10/01/2025
By Nazim Ahmed Belabbaci

Candidate Name: Nazim Belabbaci
Degree: Doctoral
Defense Date: Thursday, Oct. 9, 2025
Time: Noon - 1 p.m. EST
Location: Hybrid DAN 309 or via Zoom.

Committee Members:

  • Chair: Mohammad Arif Ul Alam, PhD, Assistant Professor, Richard A Miner School of Computer and Information Sciences, UMass Lowell
  • Benyuan Liu, PhD, Professor, Richard A Miner School of Computer and Information Sciences, UMass Lowell
  • Yan Luo, Ph.D. , Professor, Department of Electrical and Computer Engineering, UMass Lowell
  • Hassan Ghasemzadeh, PhD,  Program Director & Associate Professor, College of Health Solutions, Arizona State University (ASU)

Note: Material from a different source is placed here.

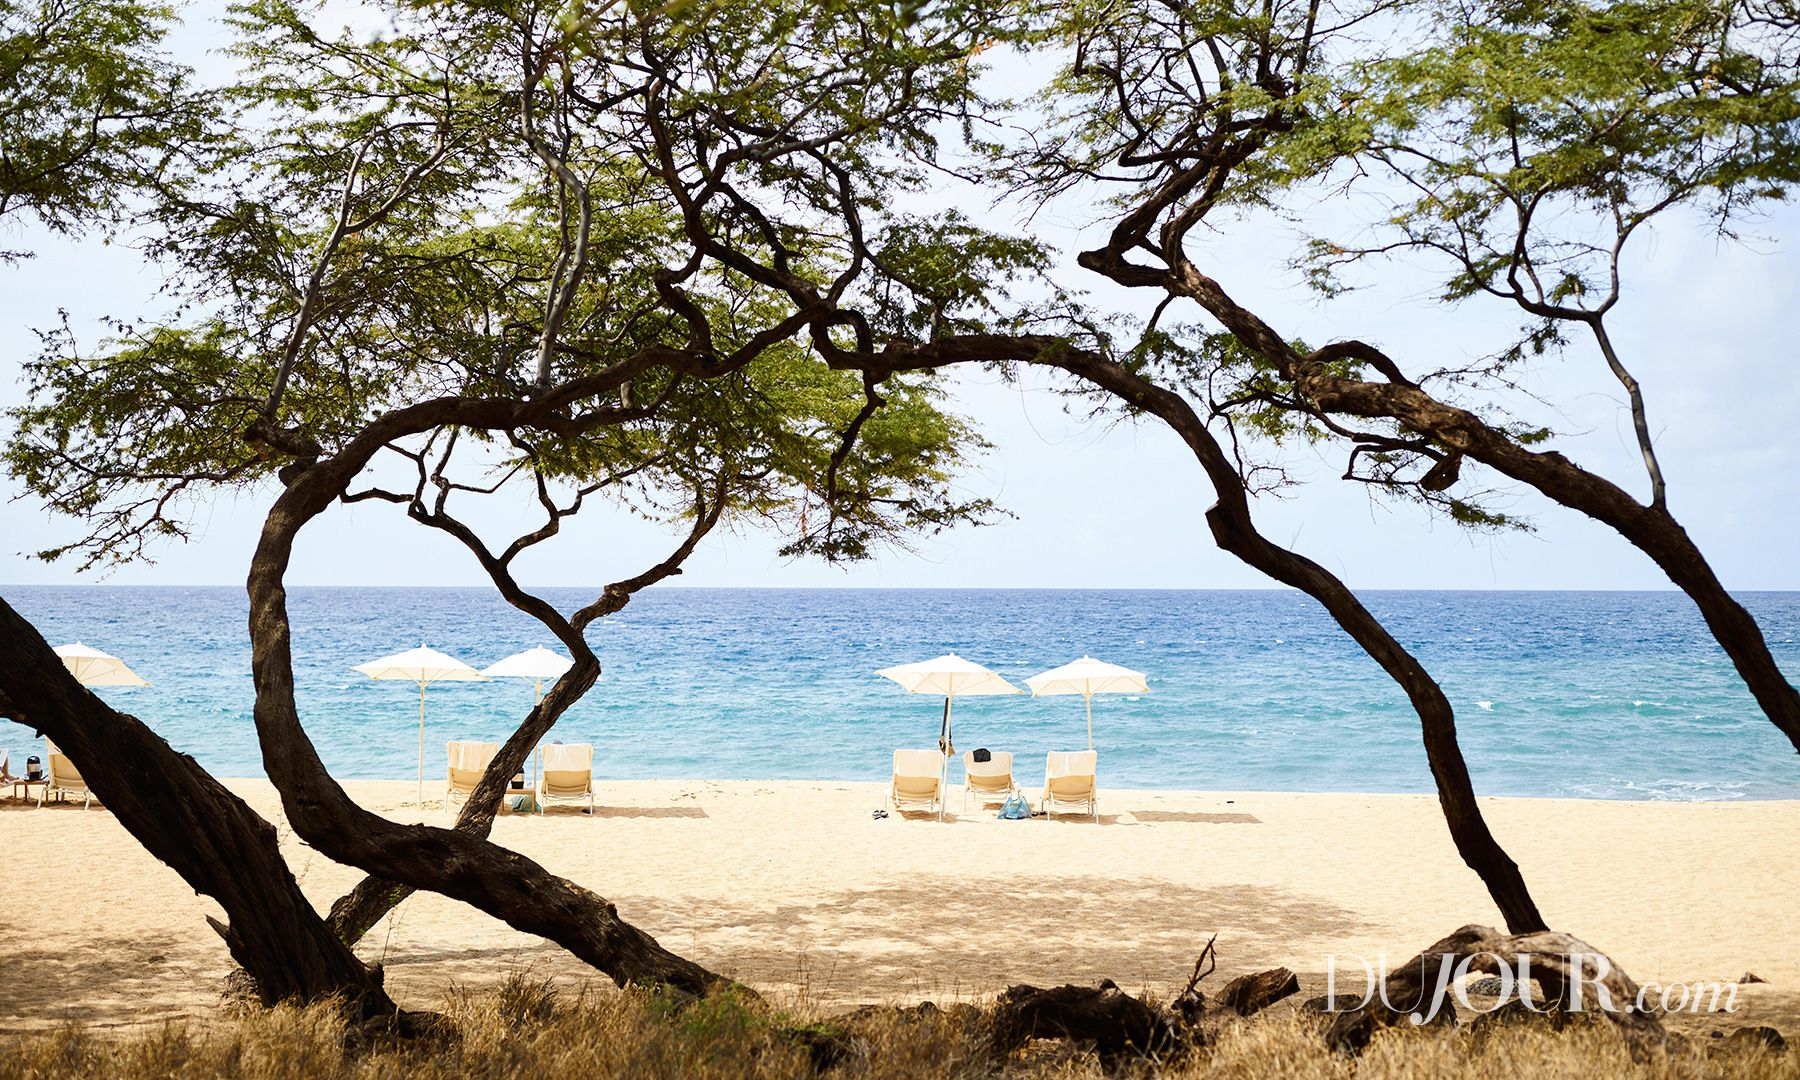 Lanai Hawaii Tourist Attractions

Title: Integrated Hardware-Enabled Predictive Framework: Advancing Health Monitoring and Disease Diagnosis with Conditional Diffusion Models and Deep Learning

Abstract: "Accurate and continuous monitoring of health vitals, along with disease diagnosis from sequential data such as time-series and spectroscopy, is critical for health safety and optimizing human performance across diverse populations. Yet current methods often suffer from limited precision, insufficient data availability, and poor generalizability to real-world conditions. Many existing approaches depend on complex hardware or employ basic algorithms that fail to fully leverage the richness of temporal and spectral signals. Some methods are also further handicapped by a lack of robust, high-quality training data, ultimately limiting their effectiveness and reliability in practical, everyday healthcare applications.

This PhD research addresses these gaps across three application domains. First, in crowd health monitoring, we designed and validated hybrid predictive pipelines (Positionally Encoded Transformers, LSTM-Tabnet) on real-world physiological time-series data. This established a foundation for robust temporal modeling. Second, to address data scarcity in spectroscopy, we applied a class-conditioned diffusion model to FTIR spectral data for cancer diagnosis. We generated realistic synthetic spectra and combining them with the hybrid pipelines from the first phase to improve classification accuracy by up to 6%. Finally, in wearable hydration monitoring, we developed the HydroTrack prototype equipped with light spectroscopy sensors, completed an IRB-approved data collection. We aim to extend the end-to-end framework from sensing to synthetic augmentation and predictive modeling.

Collectively, these contributions demonstrate how we can overcome major barriers in health data acquisition and model generalizability. The proposed framework have strong potential to establish scalable, reliable, and data-efficient standards for health monitoring across diverse biomedical domains".